Take 5 or 6 shots (raw, portrait, not bracketed, and no need to use a tripod unless to avoid camera shake) with the same aperture and focal length setting you have been using, full manual mode (no auto settings), and overlapping by 50% approximately. Angle the shots tilted upwards with just enough of the land below the horizon included at the bottom of the frame so that there will be features available for control points when the images are stitched together.
Convert raw images to tiff with the bare minimum of adjustments (no auto settings or vignetting adjustments).
Load the tiff images into PTGui and align with control points only on the distant horizon and optimize vignetting correction on the Exposure/HDR tab (in the automatic exposure and colour adjustment section). Hopefully, a good rendering of the sky will be obtained, in which case save the vignetting settings. If banding problems remain in the stitched output, then there's no point in carrying on to the next steps!
Assuming all has gone well, apply these saved vignetting settings to one exposure set of images from your difficult panorama - i.e. a stitch with no HDR involvement.

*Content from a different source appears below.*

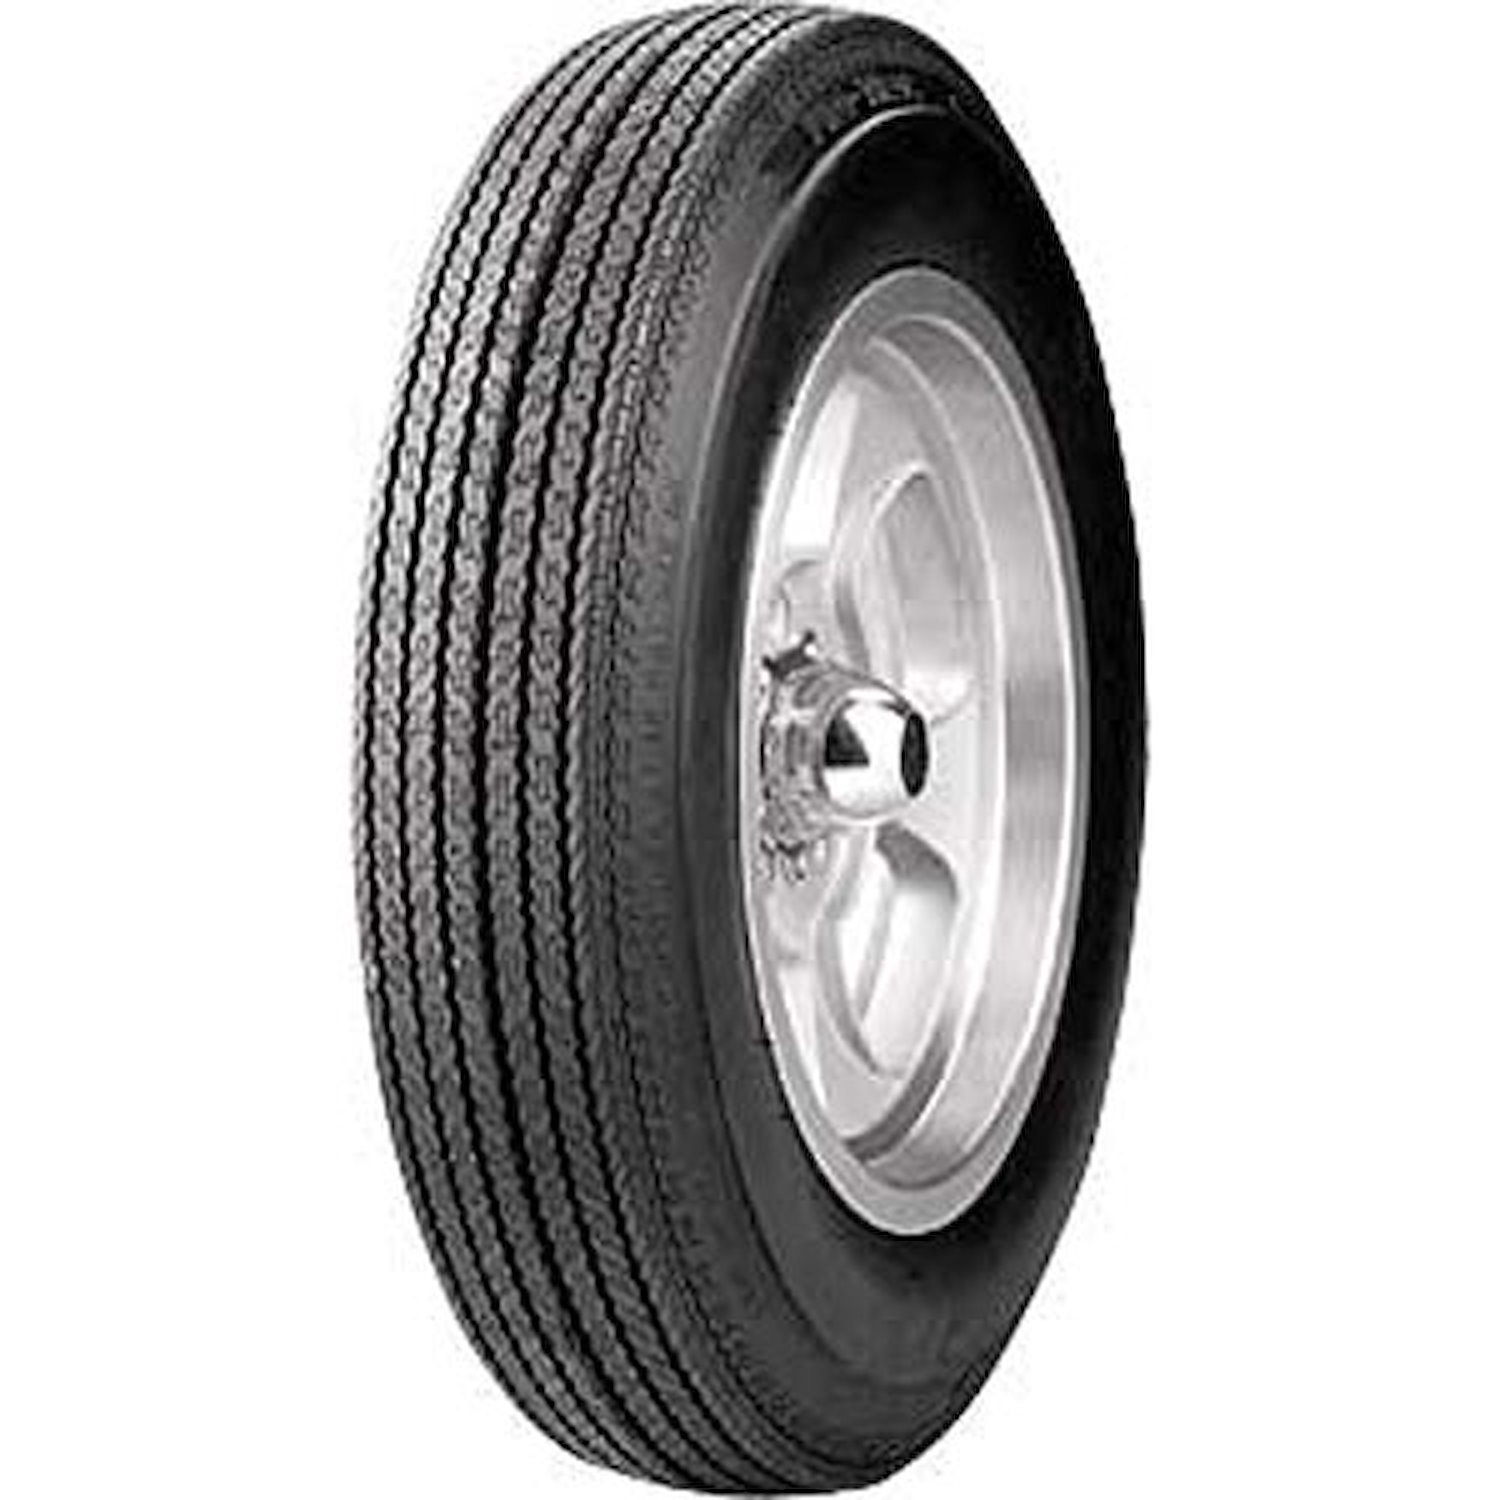 Front Pro-Trac Performance Tire 560-15

Set the blending mode in the Panorama Editor window to "unblended", which will make brightness differences between neighbouring images very sharply evident.
Try optimizing just exposure on the Exposure/HDR tab, or if necessary, tweak the exposure offset parameters of individual images to match the images one by one to eliminate visible image boundaries. If it's possible to achieve this reasonably well, then when the blending mode is switched to blended, the result should be very good.
Based on previous reports, it seems likely that the result will not be perfect either, but if it is, you should be able to deal with all the images in an HDR project.